EXERCISE REQUIREMENTS:
Look for the word "Design" in the records, and copy each line where it appears.

DATA:
[Start of Attachment]
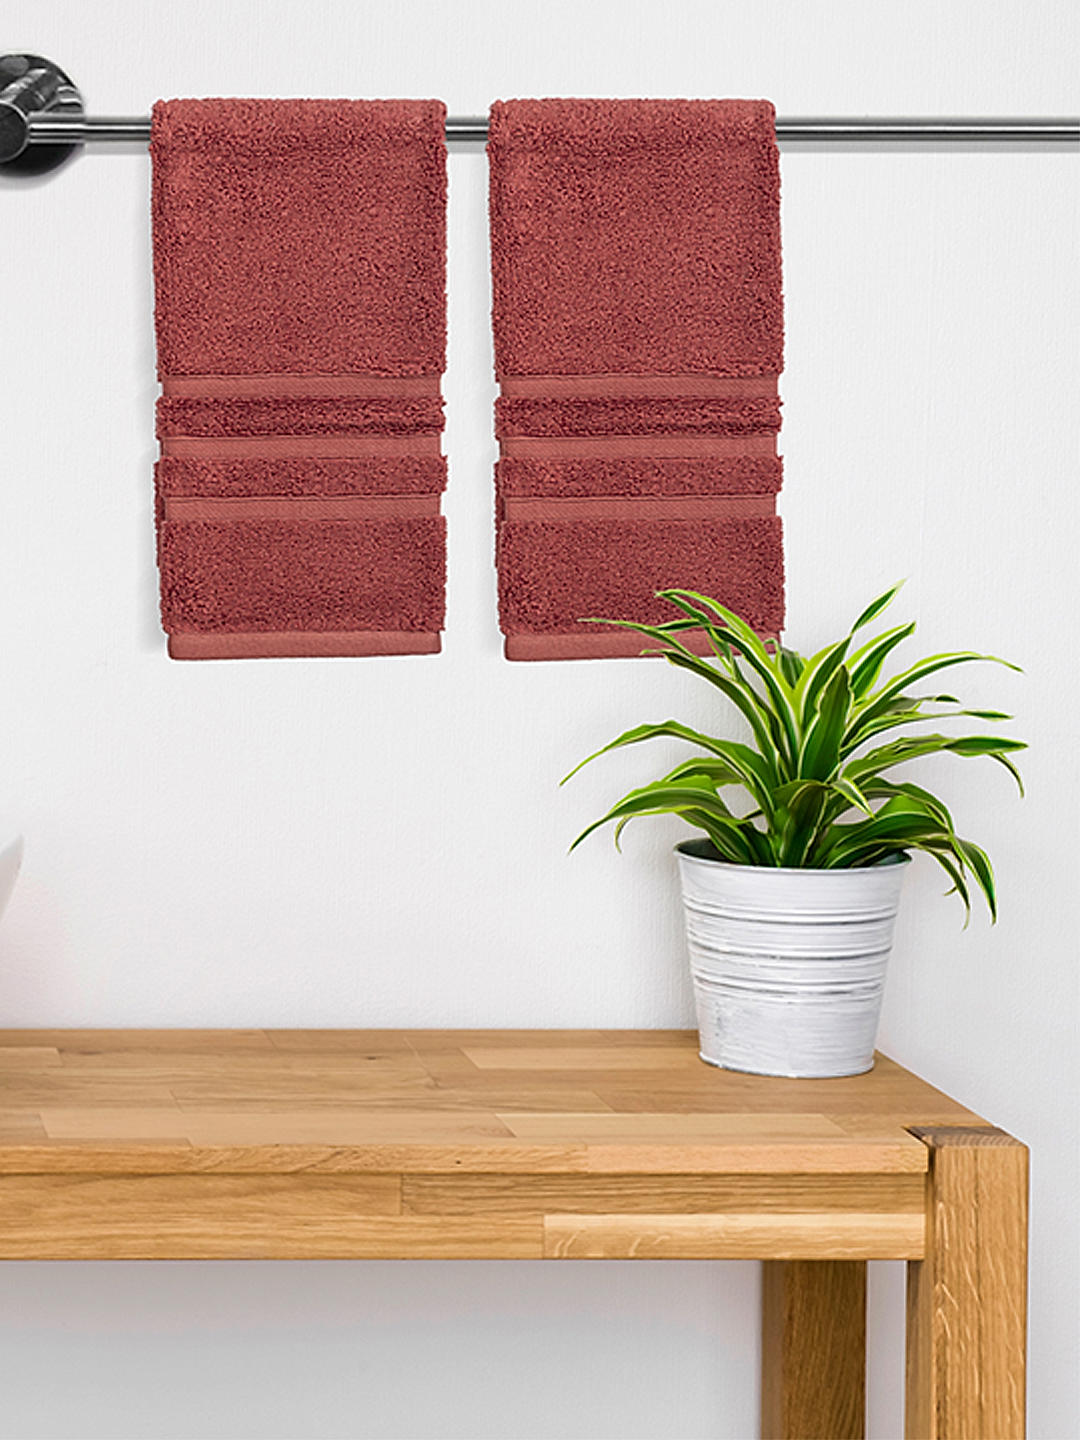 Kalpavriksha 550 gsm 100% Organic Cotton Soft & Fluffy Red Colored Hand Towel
[End of Attachment]
[Start of Attachment]
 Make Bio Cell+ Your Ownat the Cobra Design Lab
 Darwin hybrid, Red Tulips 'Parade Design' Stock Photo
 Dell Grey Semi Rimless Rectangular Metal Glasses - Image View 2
[End of Attachment]
[Start of Attachment]
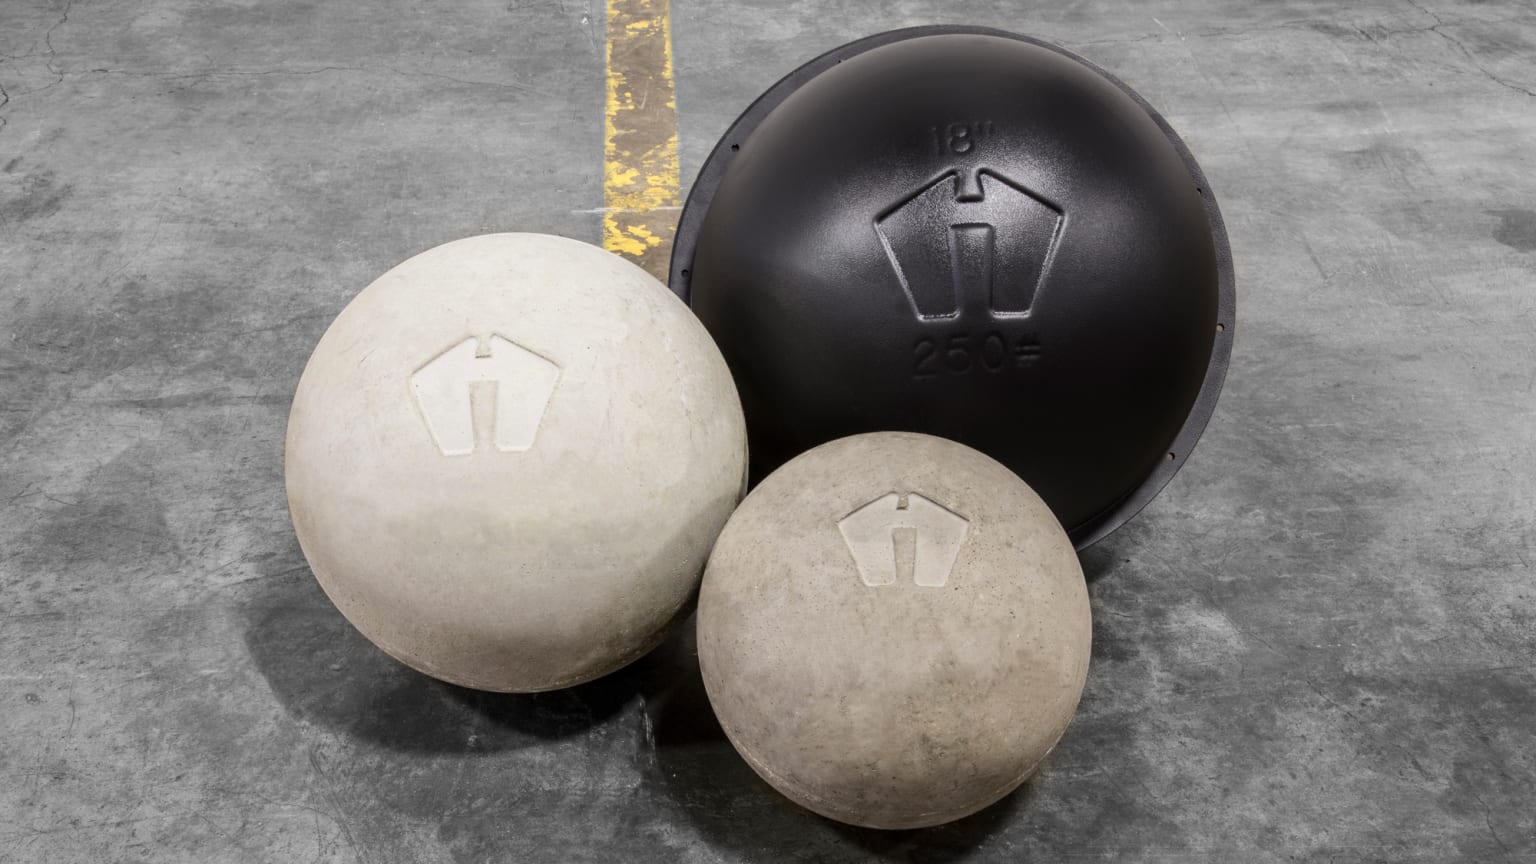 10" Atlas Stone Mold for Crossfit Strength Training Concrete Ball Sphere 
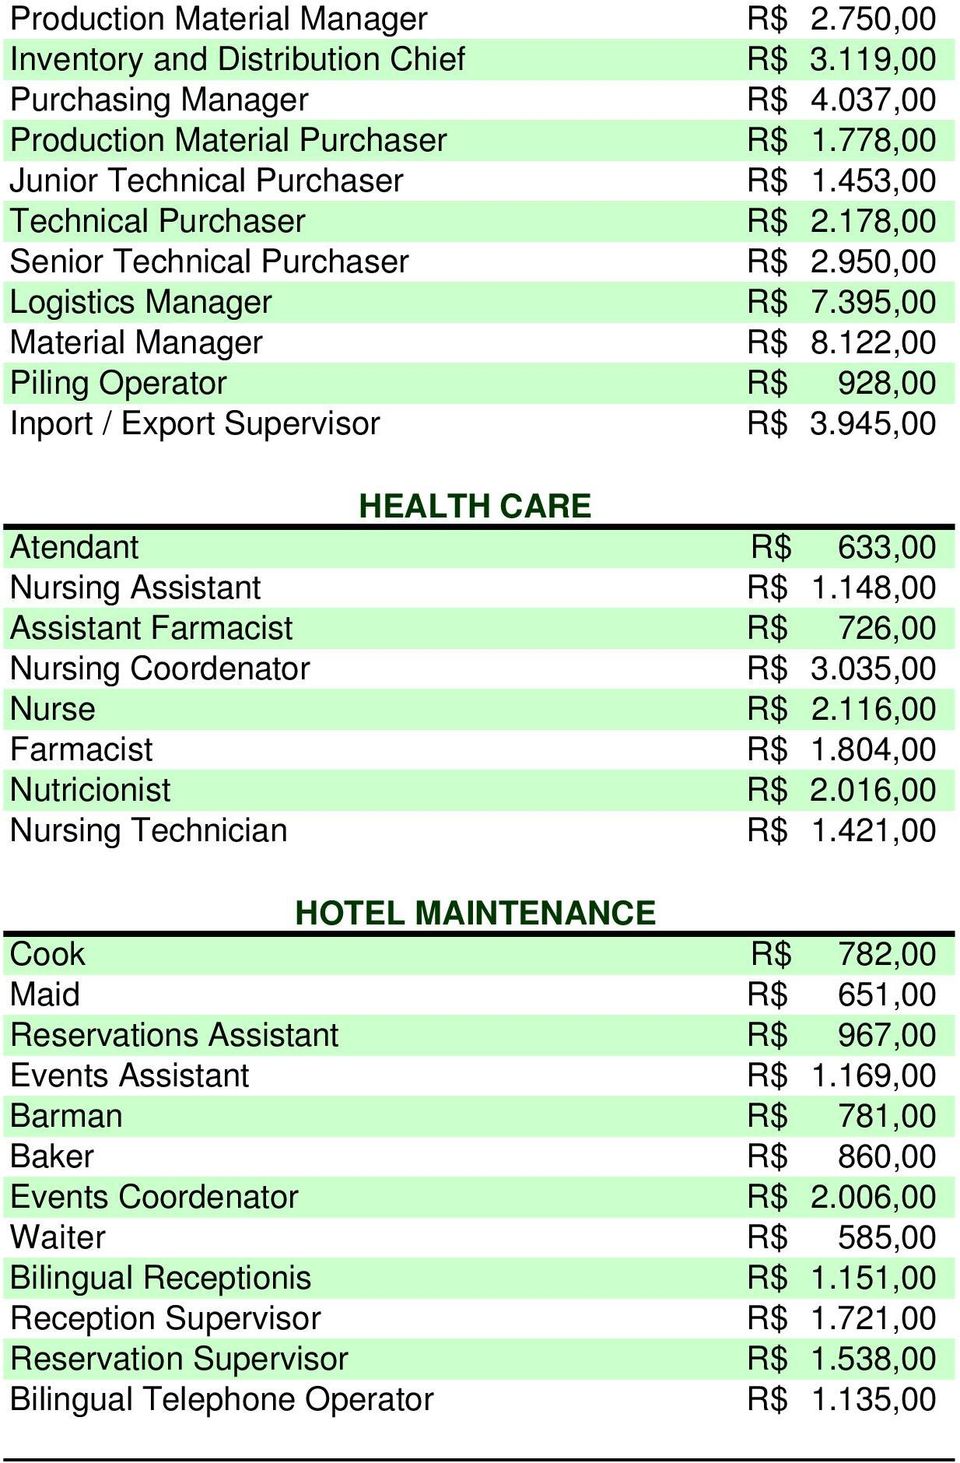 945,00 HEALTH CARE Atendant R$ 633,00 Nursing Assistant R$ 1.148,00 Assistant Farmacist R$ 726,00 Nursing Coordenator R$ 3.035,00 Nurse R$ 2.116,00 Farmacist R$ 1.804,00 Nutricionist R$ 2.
[End of Attachment]
REPLY TO THE EXERCISE:
 Make Bio Cell+ Your Ownat the Cobra Design Lab
 Darwin hybrid, Red Tulips 'Parade Design' Stock Photo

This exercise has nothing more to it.